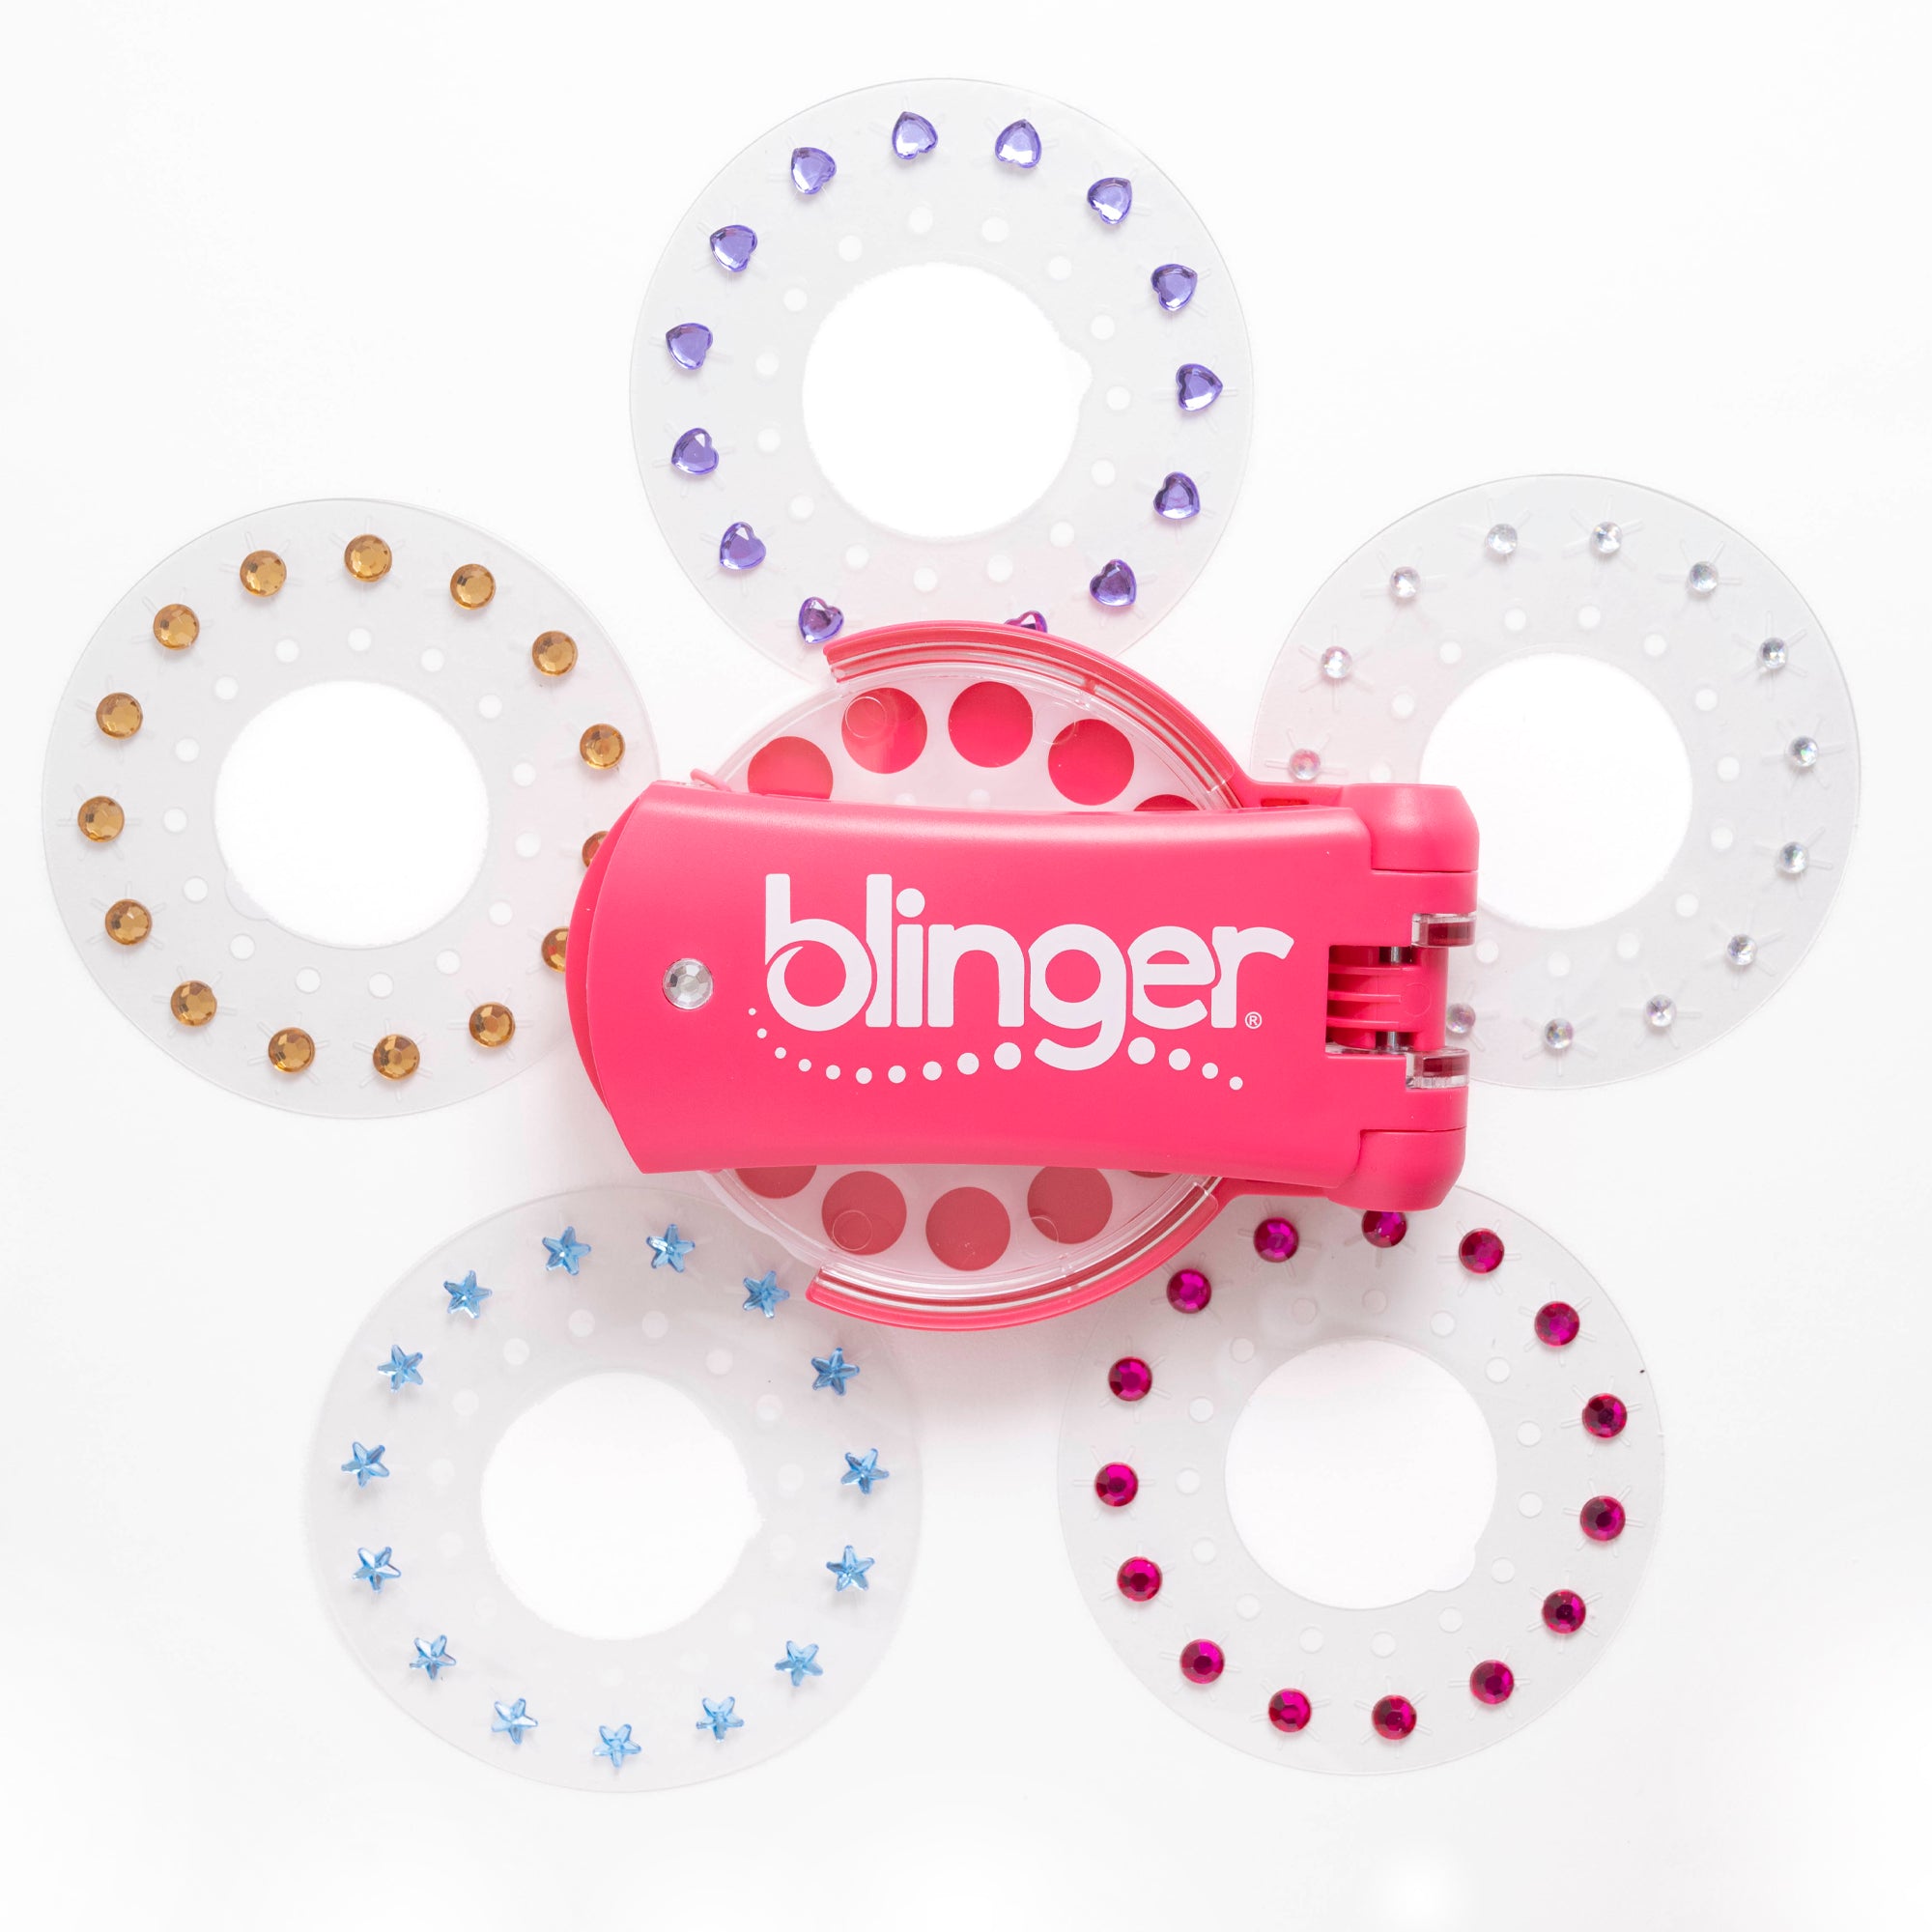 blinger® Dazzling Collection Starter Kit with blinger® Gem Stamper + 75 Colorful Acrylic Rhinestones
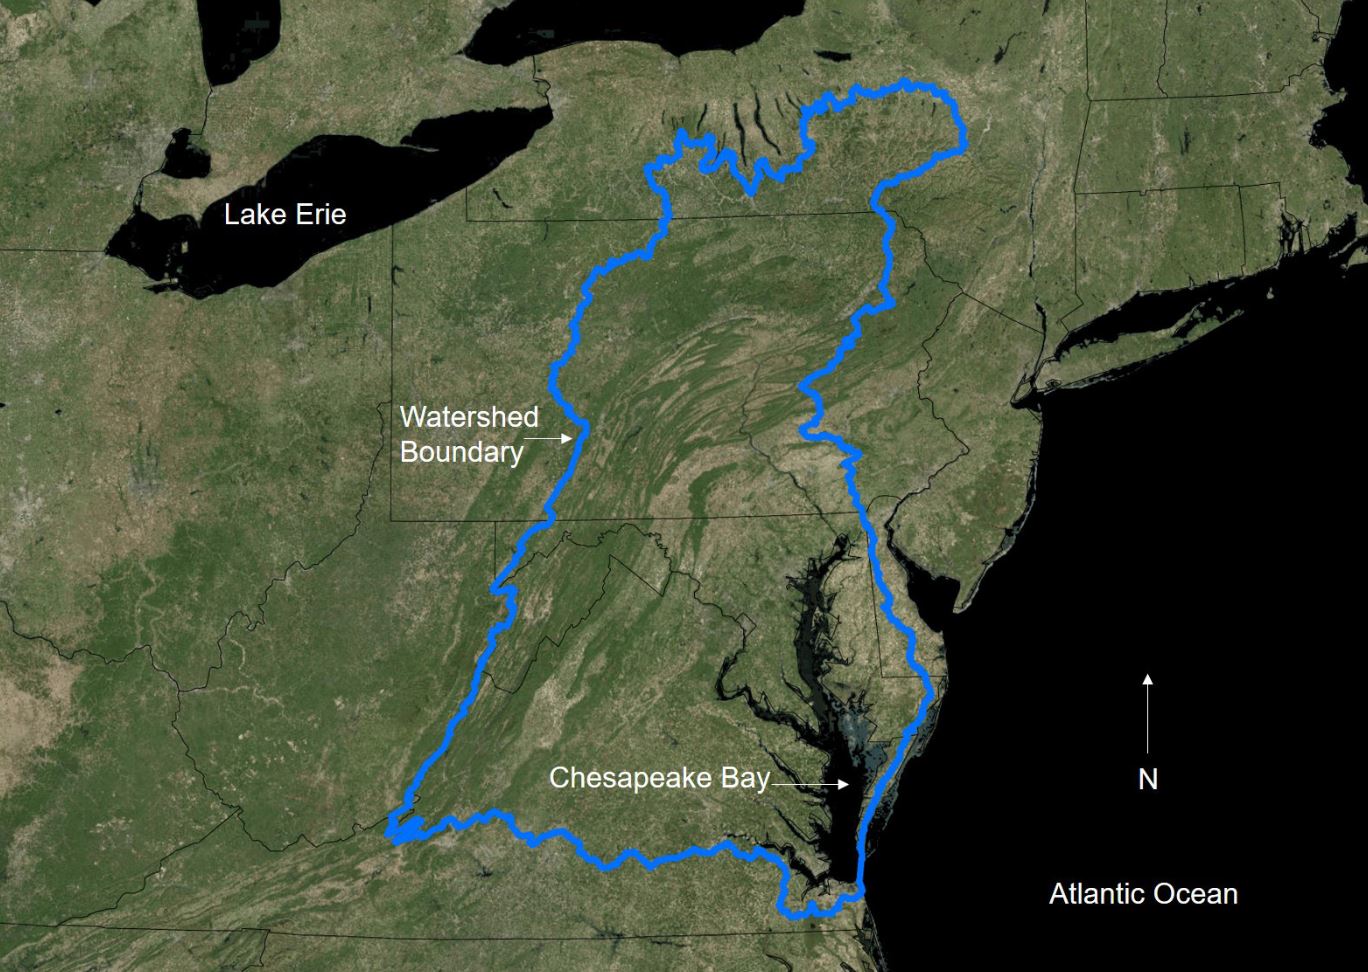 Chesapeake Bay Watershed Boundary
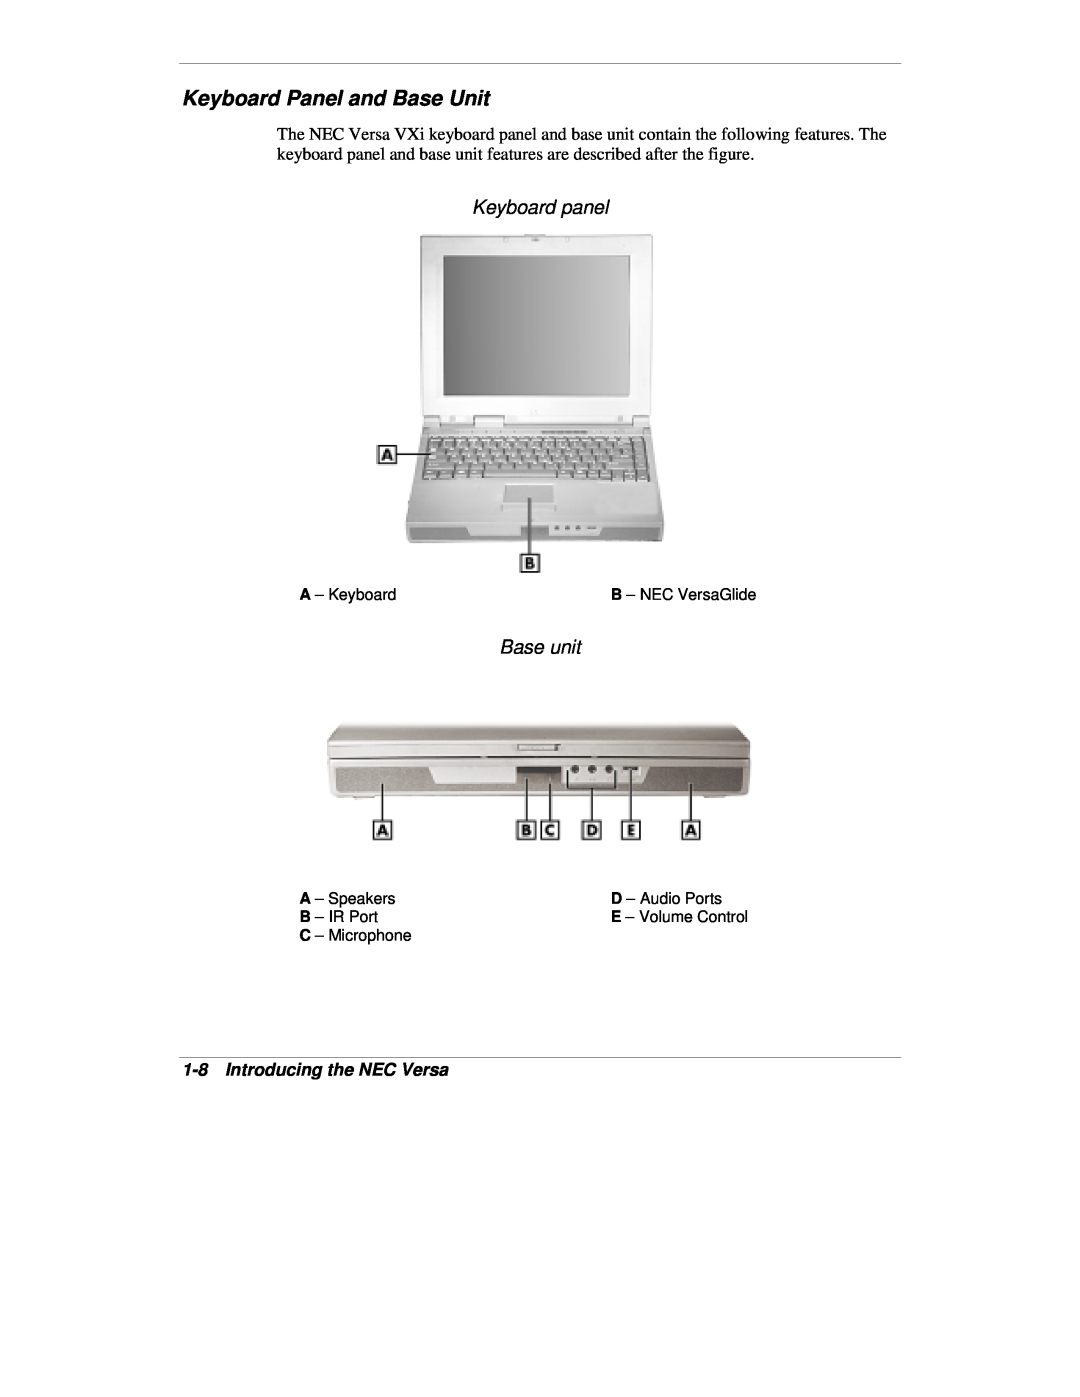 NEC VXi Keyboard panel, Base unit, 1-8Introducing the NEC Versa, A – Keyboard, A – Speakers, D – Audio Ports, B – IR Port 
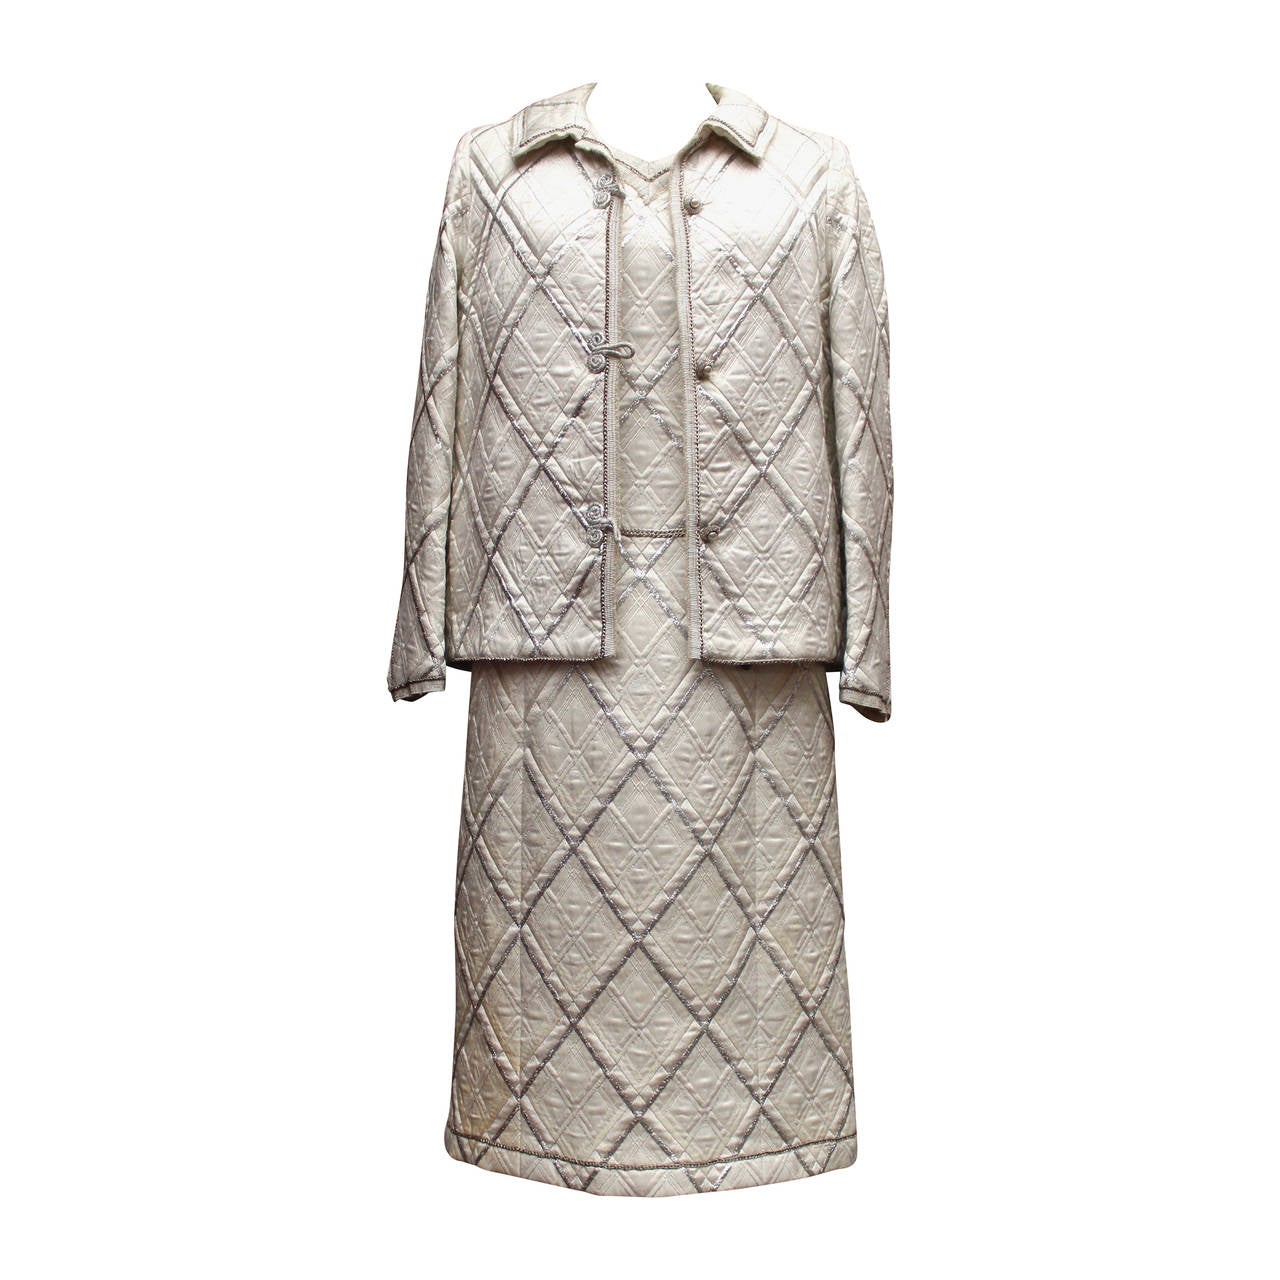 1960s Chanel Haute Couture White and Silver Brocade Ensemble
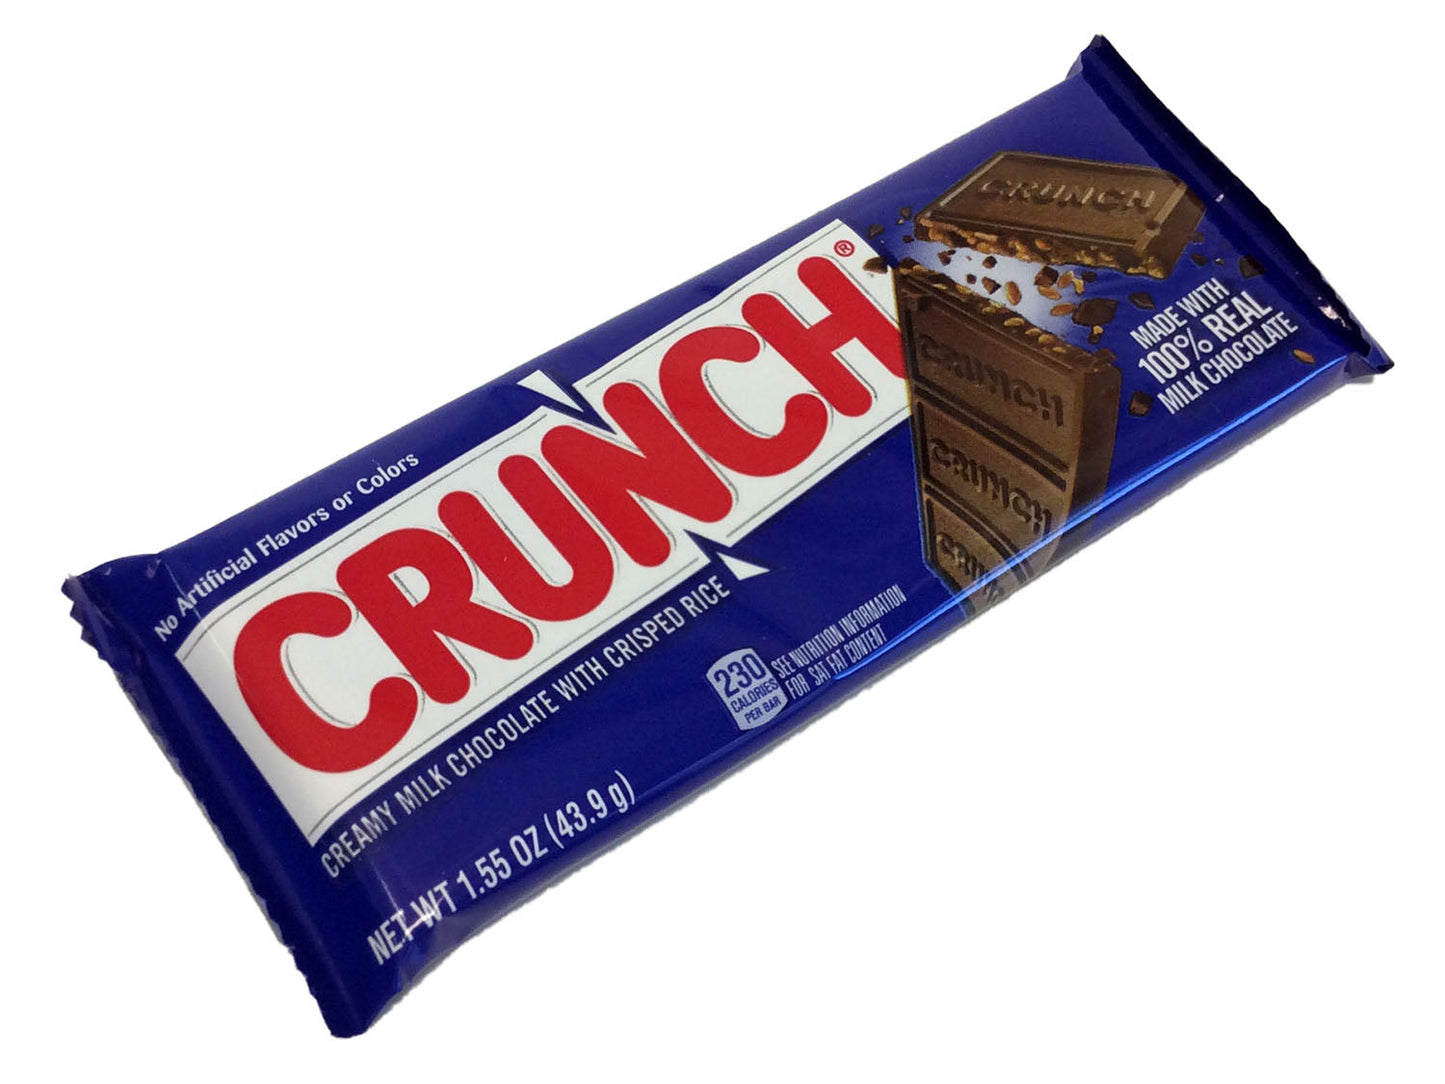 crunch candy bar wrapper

──────────────────────────────

§ Directions:
Output the data exactly as it appears. The pictures do not belong in it.

§ Output for this exercise:
 blinger® Dazzling Collection Starter Kit with blinger® Gem Stamper + 75 Colorful Acrylic Rhinestones
 Chesapeake Bay Watershed Boundary
 NEC VXi Keyboard panel, Base unit, 1-8Introducing the NEC Versa, A – Keyboard, A – Speakers, D – Audio Ports, B – IR Port 
 1960s Chanel Haute Couture White and Silver Brocade Ensemble
 crunch candy bar wrapper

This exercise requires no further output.